Every session that produces a durable pattern, operational fix, or architectural insight MUST write observations before closing.

joelclaw send "memory/observation.submitted" -d '{
  "observation": "<what was learned — concrete, reusable, future-tense useful>",
  "category": "jc:operations",
  "source": "pi-session",
  "tags": ["stripe", "payout"]
}'

Use one

send
call per distinct observation. Batch is fine — fire them in a loop.

Category cheatsheet

CategoryUse for
jc:operations
How things work, API quirks, CLI patterns, operational fixes
jc:rules-conventions
Conventions, SOPs, team/project rules
jc:system-architecture
Topology, wiring, how components connect
jc:projects
Per-project facts, payout rates, product catalogs
jc:preferences
Joel's explicit preferences
jc:people-relationships
People, contacts, roles
jc:memory-system
Memory system itself

What makes a good observation

  • Concrete: "Stripe Report Run requires explicit
    payment_metadata[product]
    column in
    columns
    param or it returns blank" — not "Stripe has metadata"
  • Reusable: will this still be true next month?
  • Actionable: an agent reading this cold should know what to do differently
  • Not a transcript: no "the user asked me to", no raw tool output, no "I discovered that"

What to skip

  • Instruction artifacts, tool traces, ephemeral command outputs
  • Facts already in skills or ADRs (skills are the durable home; observations are for recall/search)
  • Anything under 12 chars — the write gate discards it

9) Operations commands (slog + recall)

# Record memory-system changes
slog write --action configure --tool memory-system --detail "<what changed>" --reason "<why>"
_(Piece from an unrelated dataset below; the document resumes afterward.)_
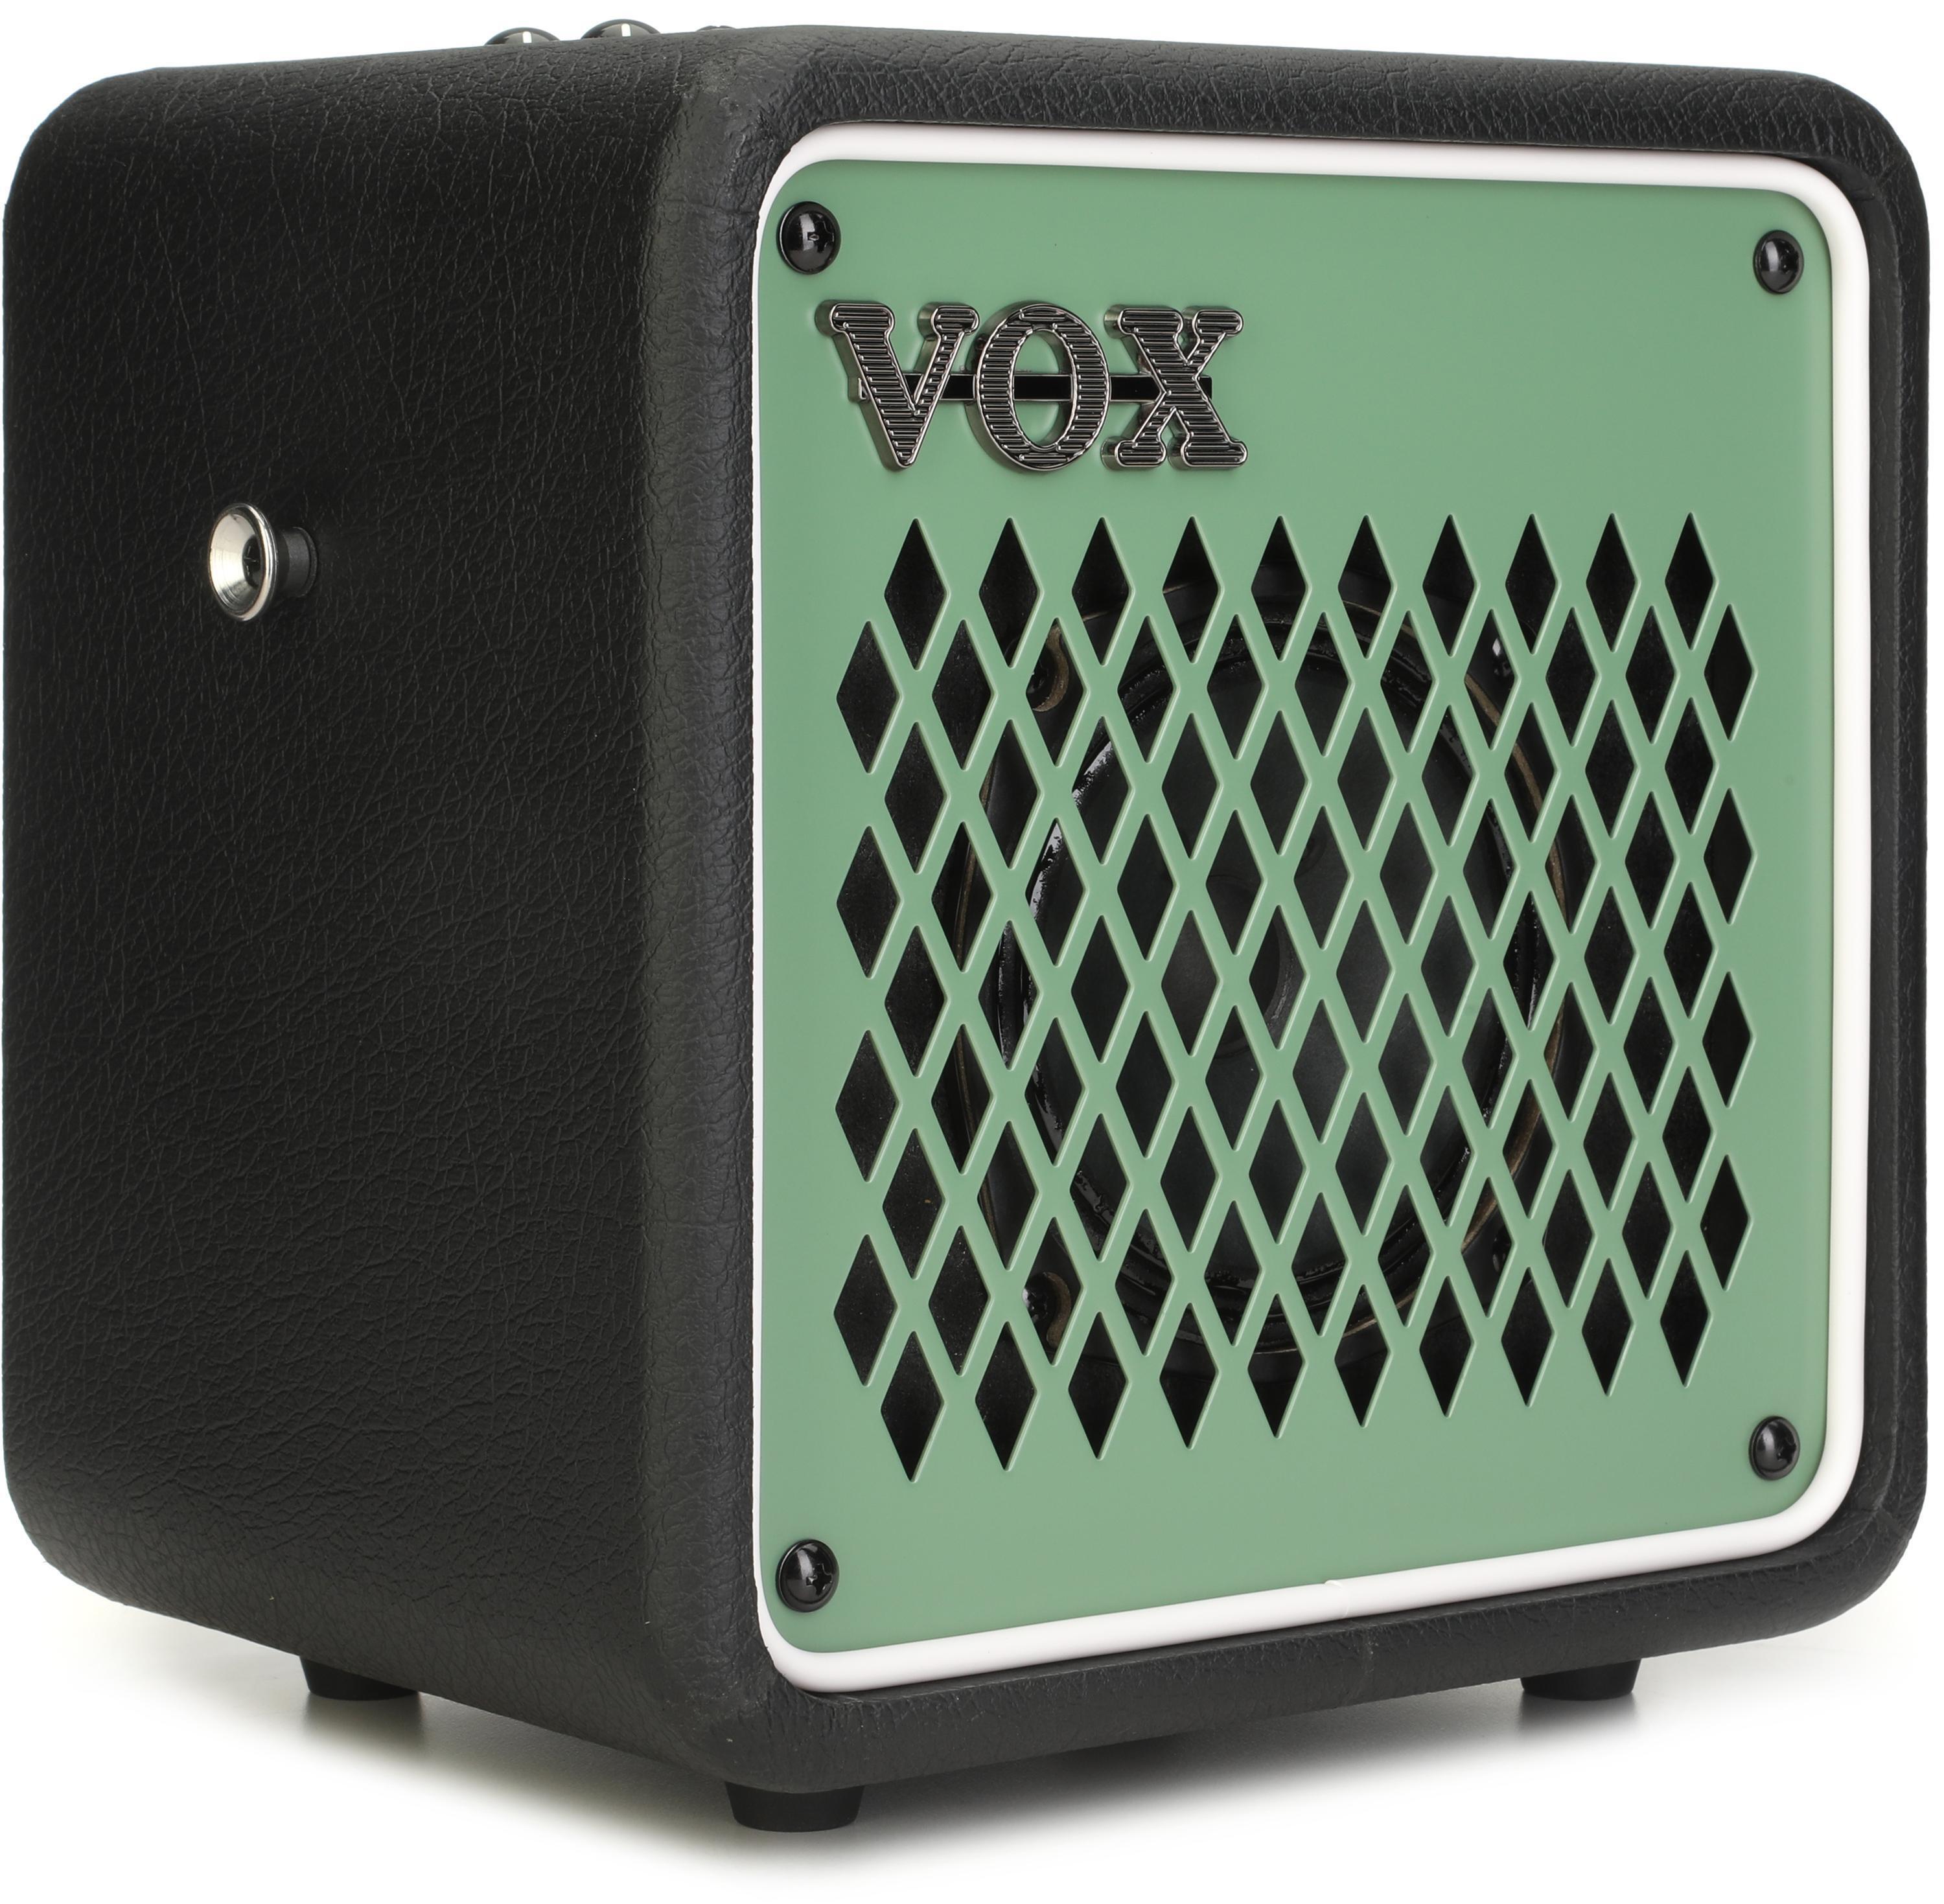 Vox Mini Go 3 3-watt Portable Modeling Amp - Green | Sweetwater

# Inspect recent operational history
slog tail --count 50

# Default recall
joelclaw recall "<query>" --budget balanced --limit 7

# Deep recall for hard debugging
joelclaw recall "<query>" --budget deep --limit 10

# Inspect memory-system category specifically
joelclaw recall "<query>" --category jc:memory-system --limit 10

# Include held memories when needed
joelclaw recall "<query>" --include-hold --raw

9) Canonical code paths

  • Observe:
    packages/system-bus/src/inngest/functions/observe.ts
  • Write gate:
    packages/system-bus/src/memory/write-gate.ts
  • Taxonomy:
    packages/system-bus/src/memory/taxonomy-v1.ts
  • Recall adapter:
    packages/cli/src/capabilities/adapters/typesense-recall.ts
  • Reflect/propose:
    packages/system-bus/src/inngest/functions/reflect.ts
    ,
    promote.ts
  • Nightly maintenance:
    packages/system-bus/src/inngest/functions/memory/nightly-maintenance.ts

10) Non-negotiables

  • Memory stores patterns, not transcript noise.
  • No silent failure paths: emit telemetry on every transition.
  • Keep retrieval bounded; never flood context windows.
  • Keep
    MEMORY.md
    curated; do not auto-append raw observations.